* [Activity]
The copy you return must match the listing word for word and carry no pictures.

* [Collected material]
=====
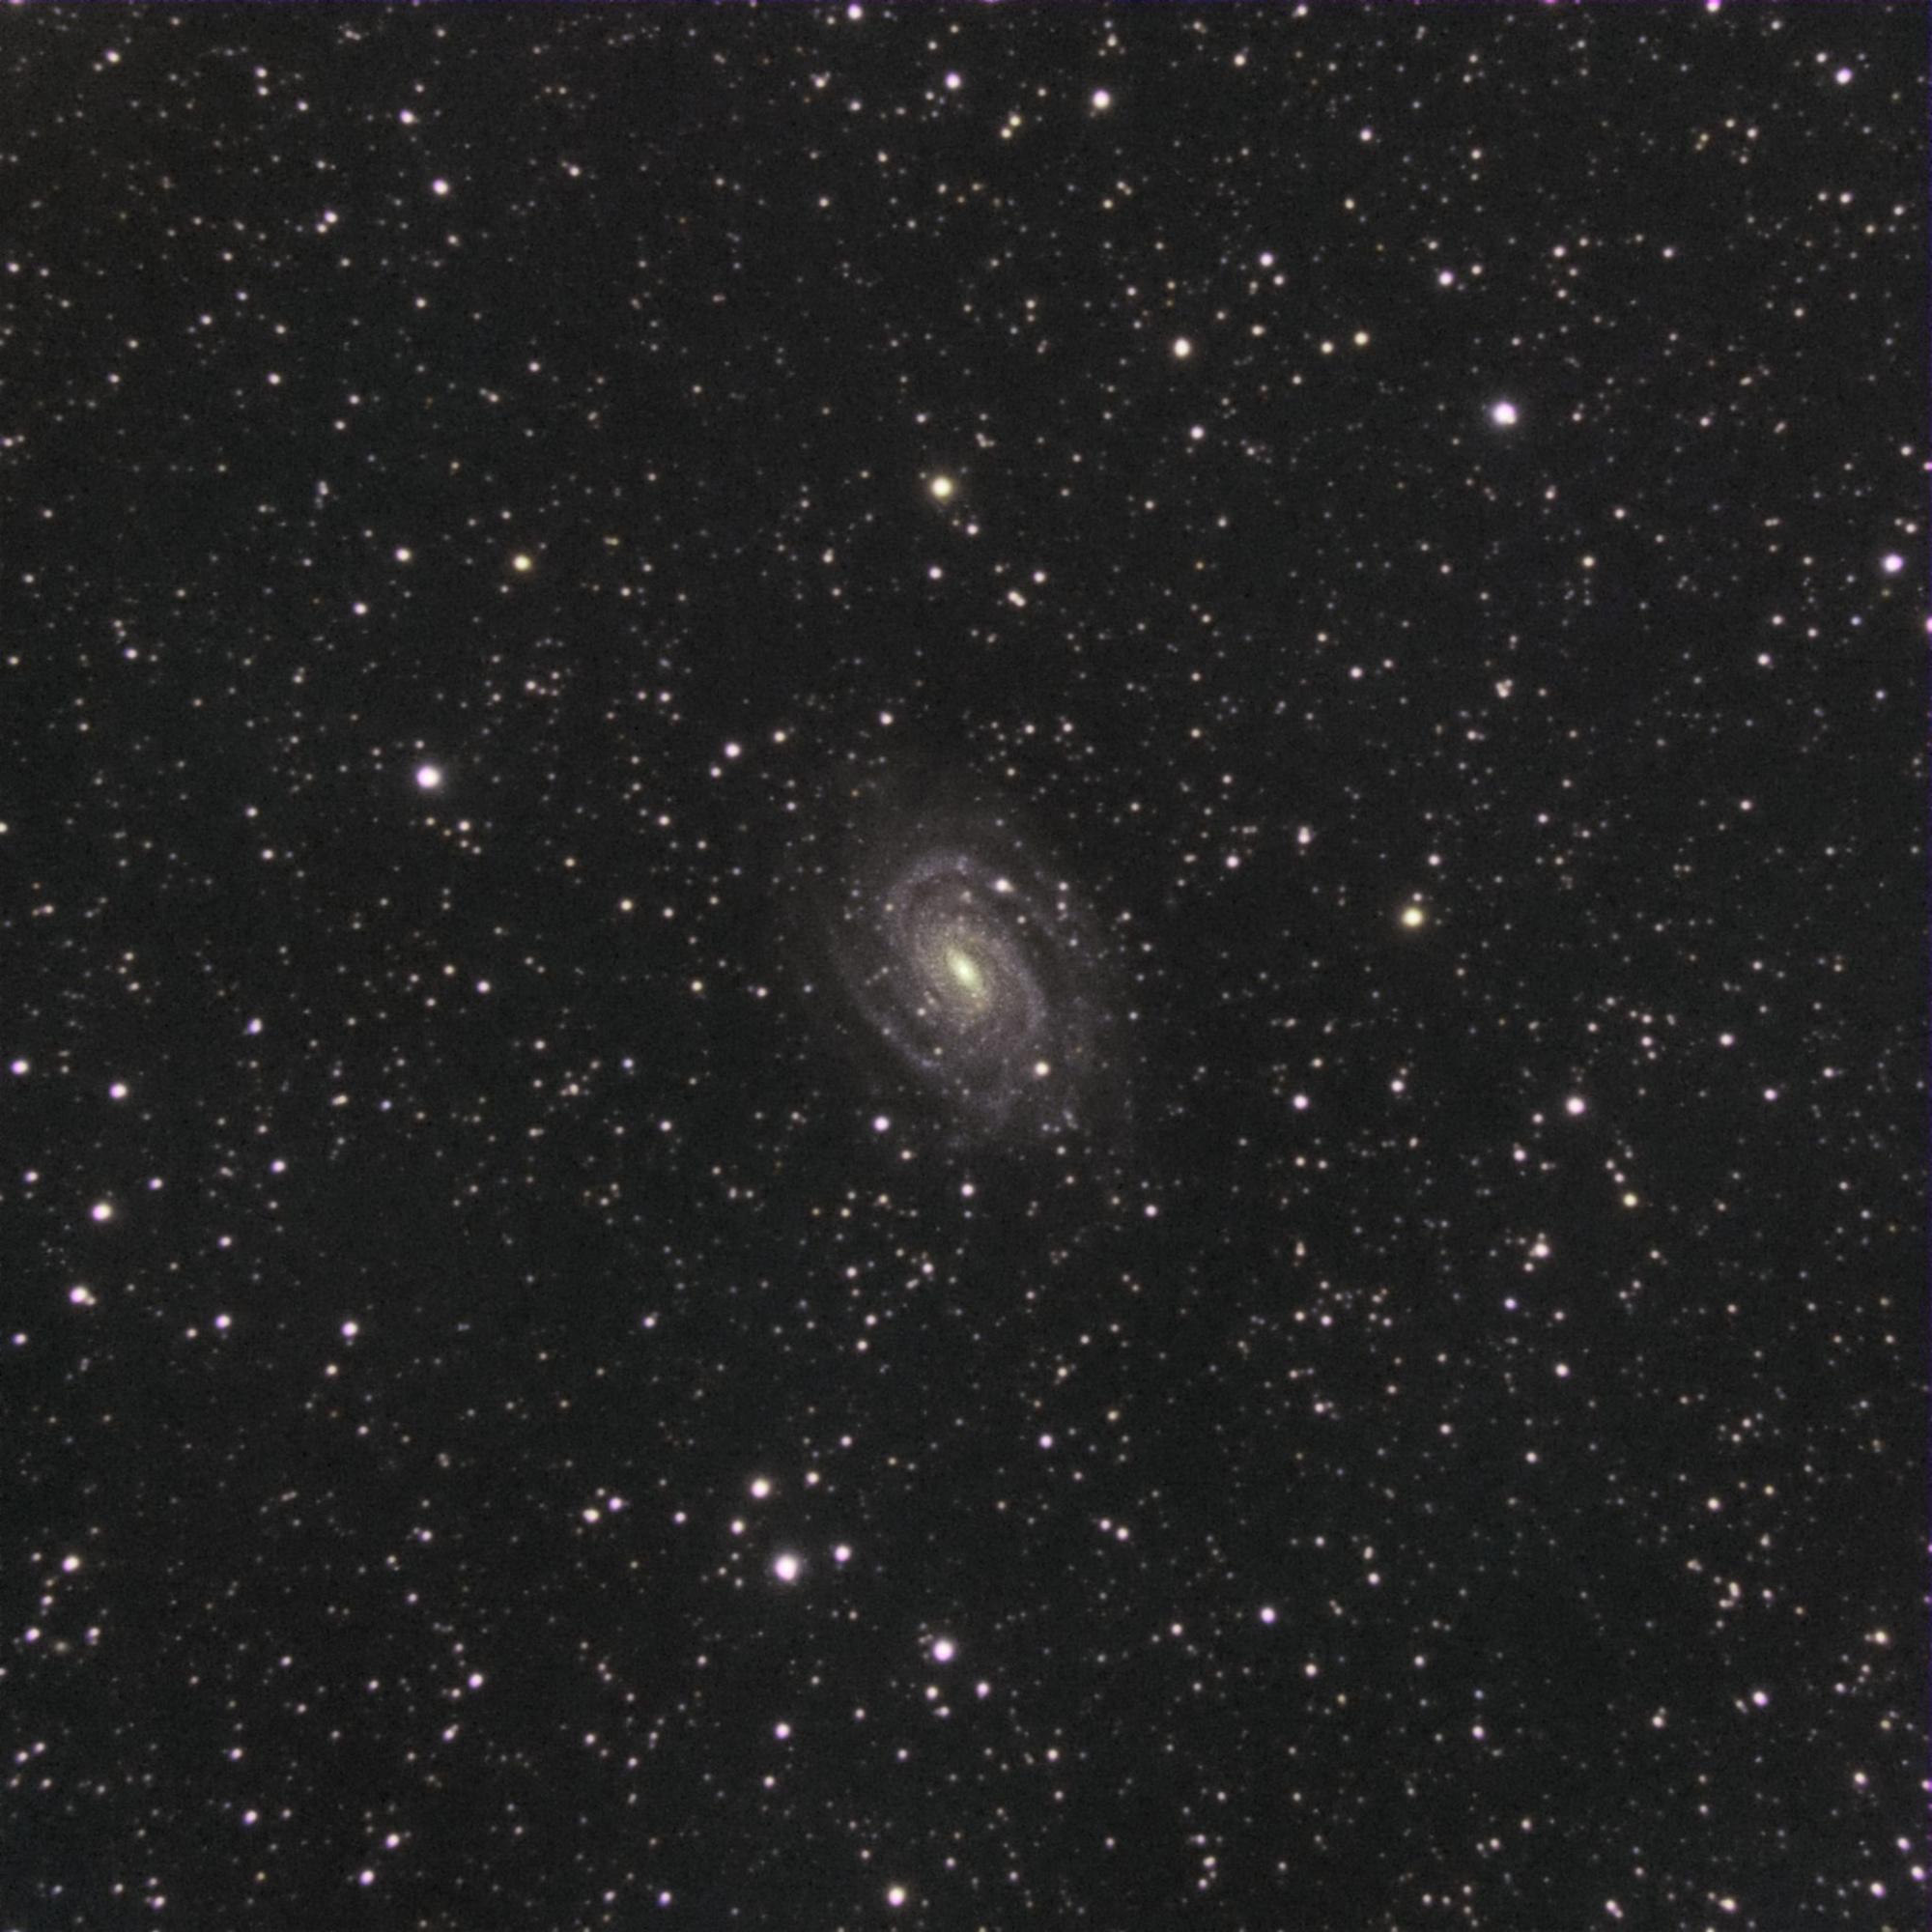 5c1cd5f40979b_NGC6384.thumb.jpg.c24a532dc87f385b56dfa10bc8e8785e.jpg
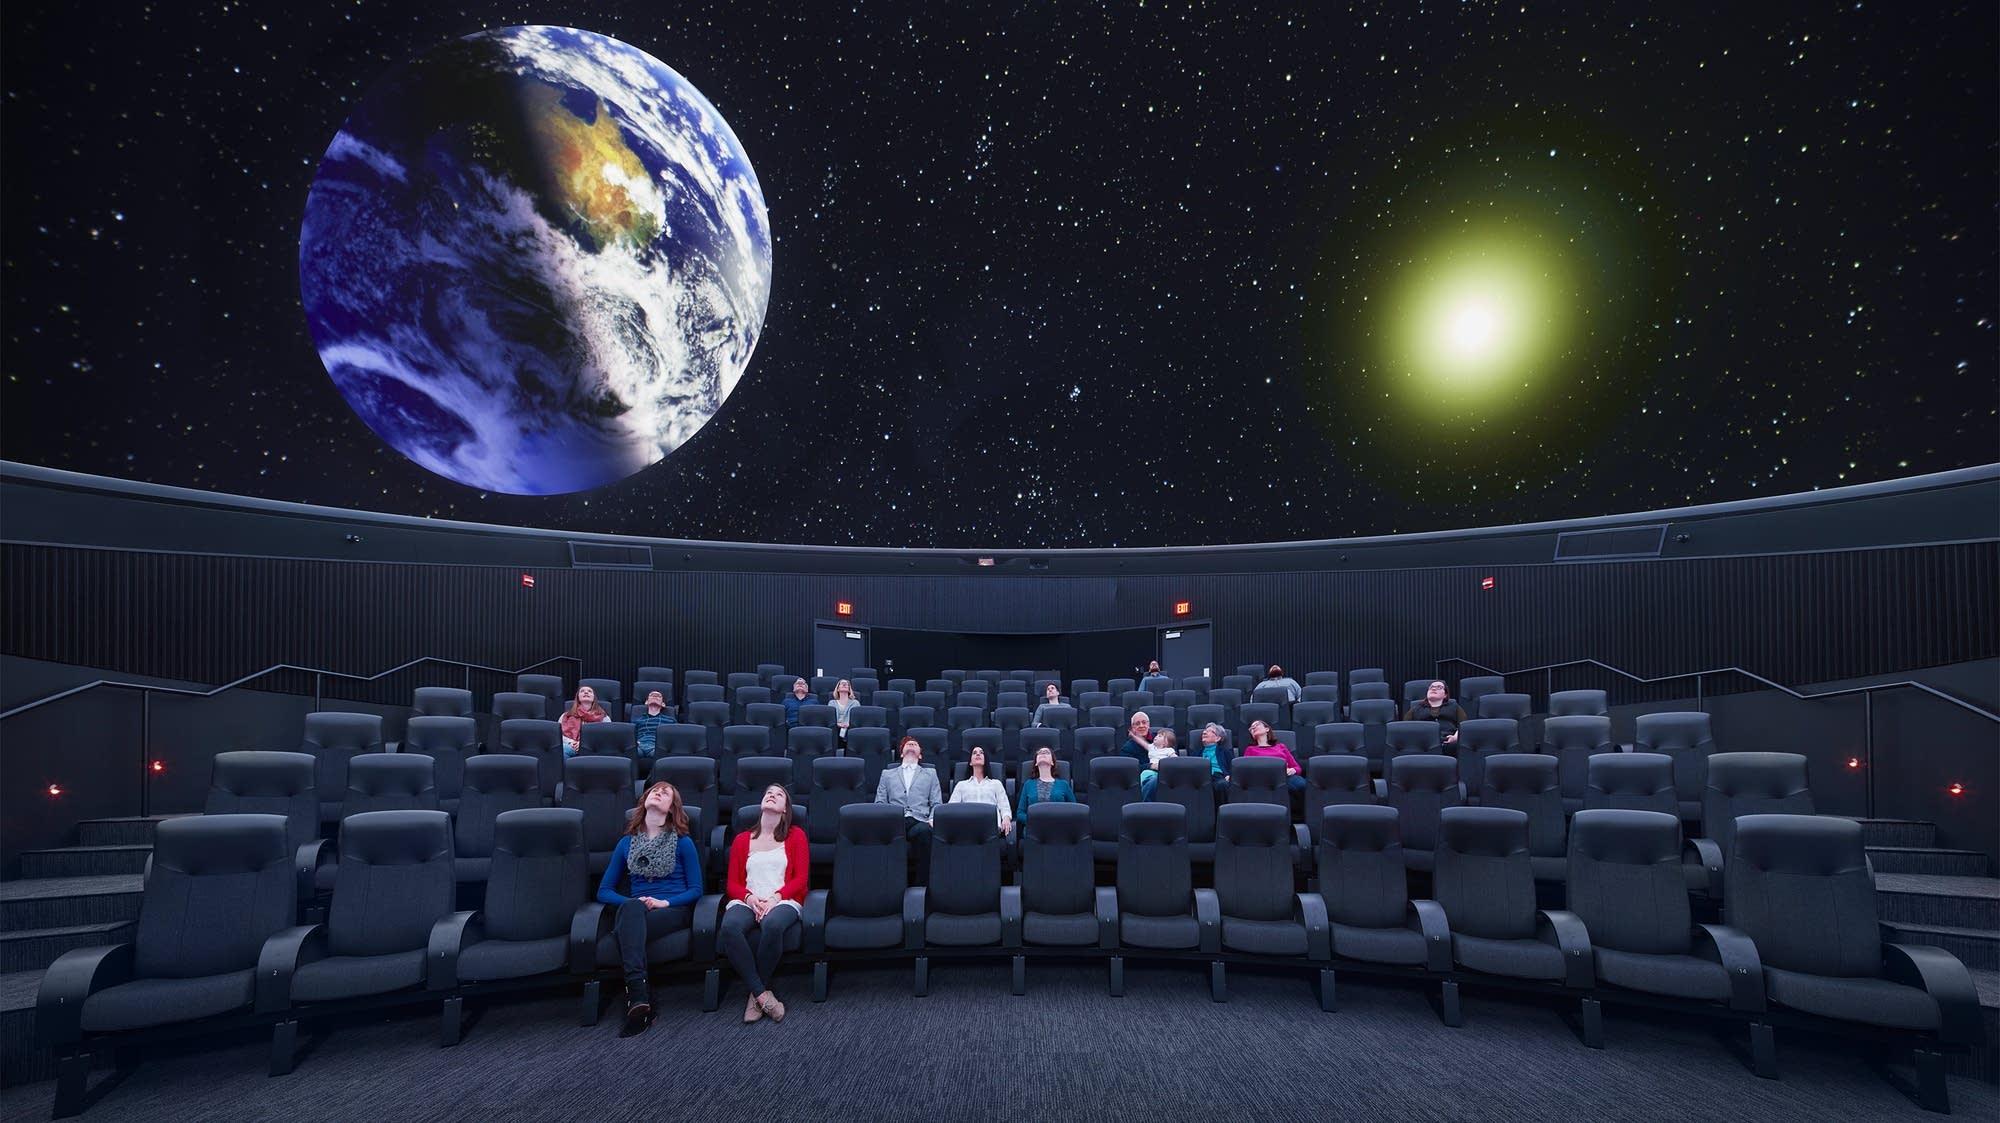 The planetarium at the University of Minnesota's Bell Museum
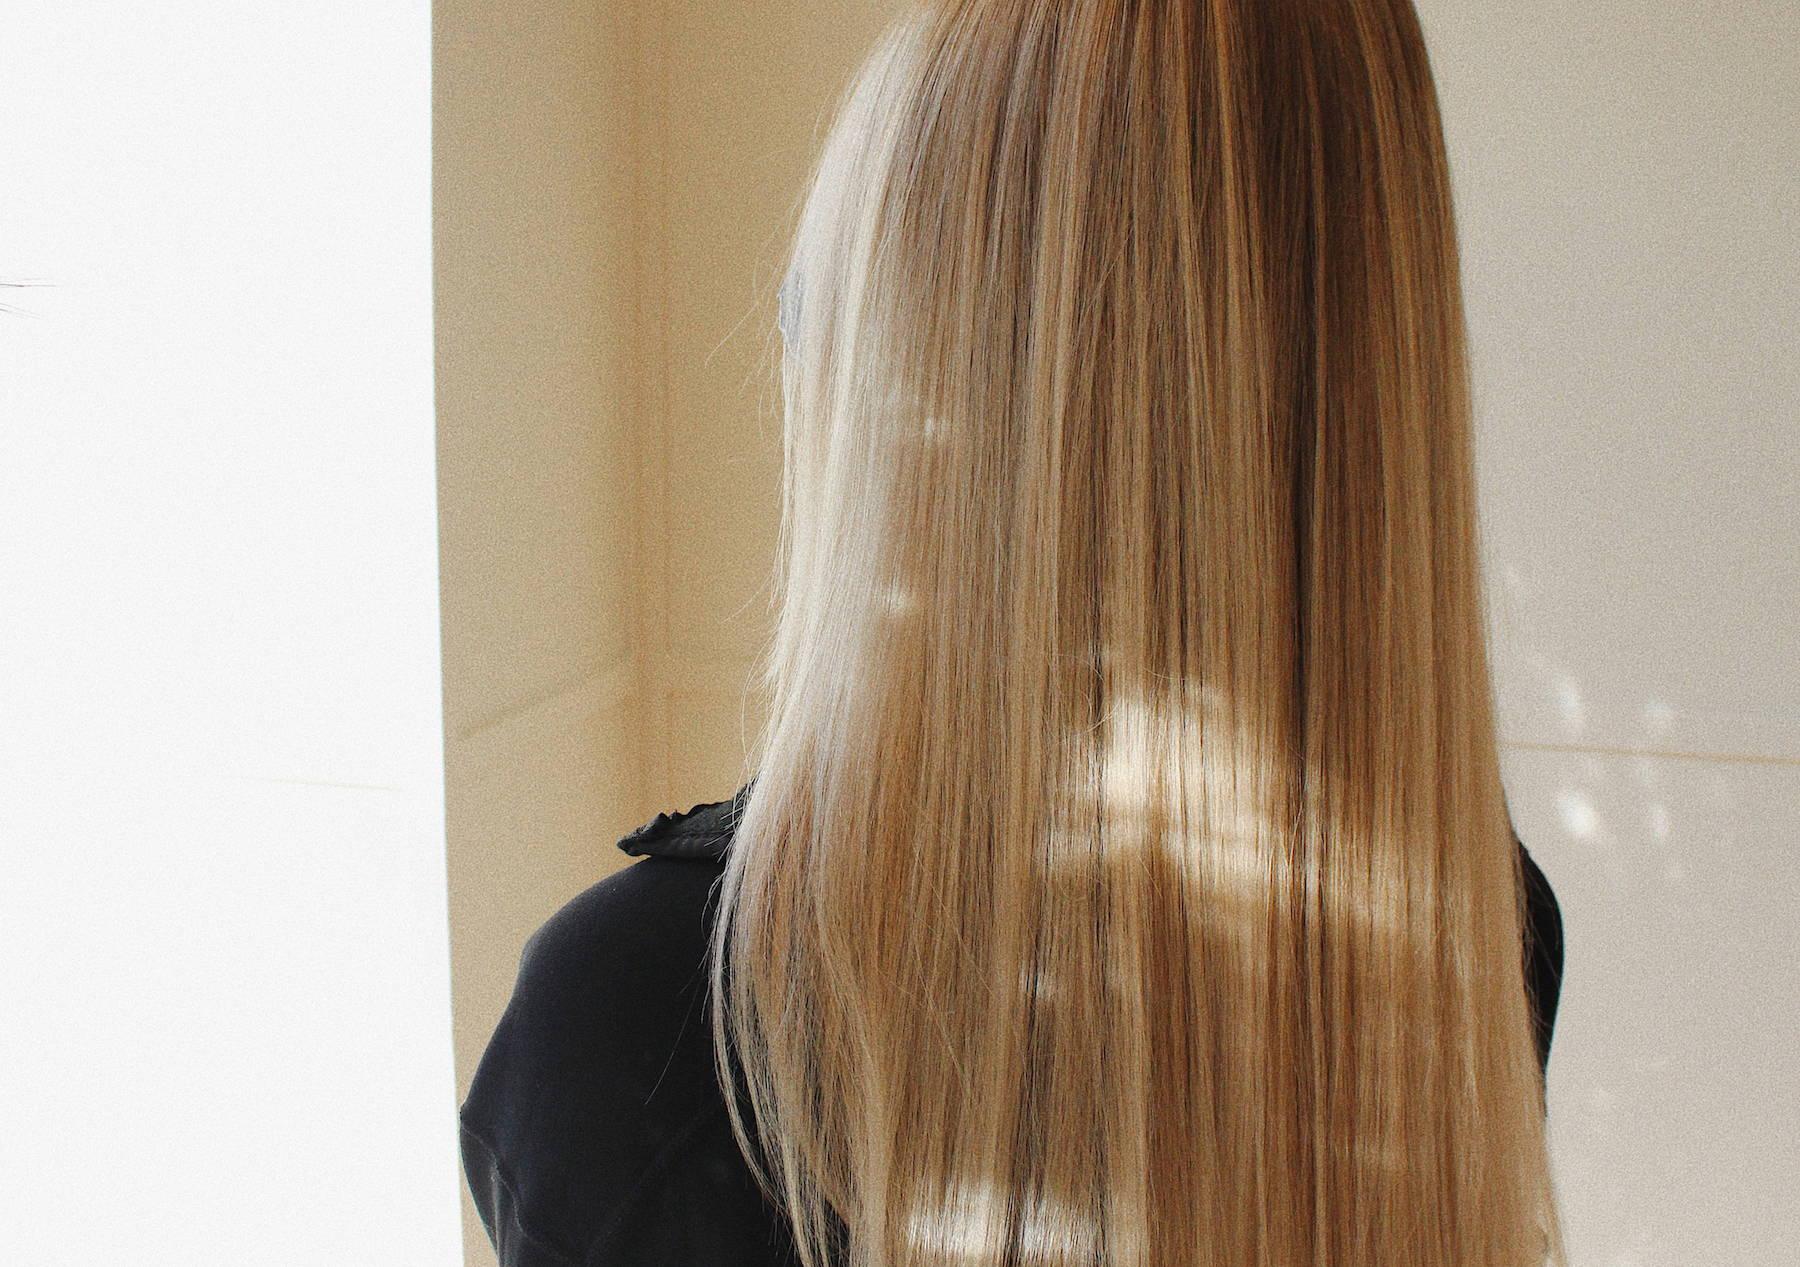 Hihoney salon blonde hair tutorial lighting
=====
* [Reply]
 5c1cd5f40979b_NGC6384.thumb.jpg.c24a532dc87f385b56dfa10bc8e8785e.jpg
 The planetarium at the University of Minnesota's Bell Museum
 Hihoney salon blonde hair tutorial lighting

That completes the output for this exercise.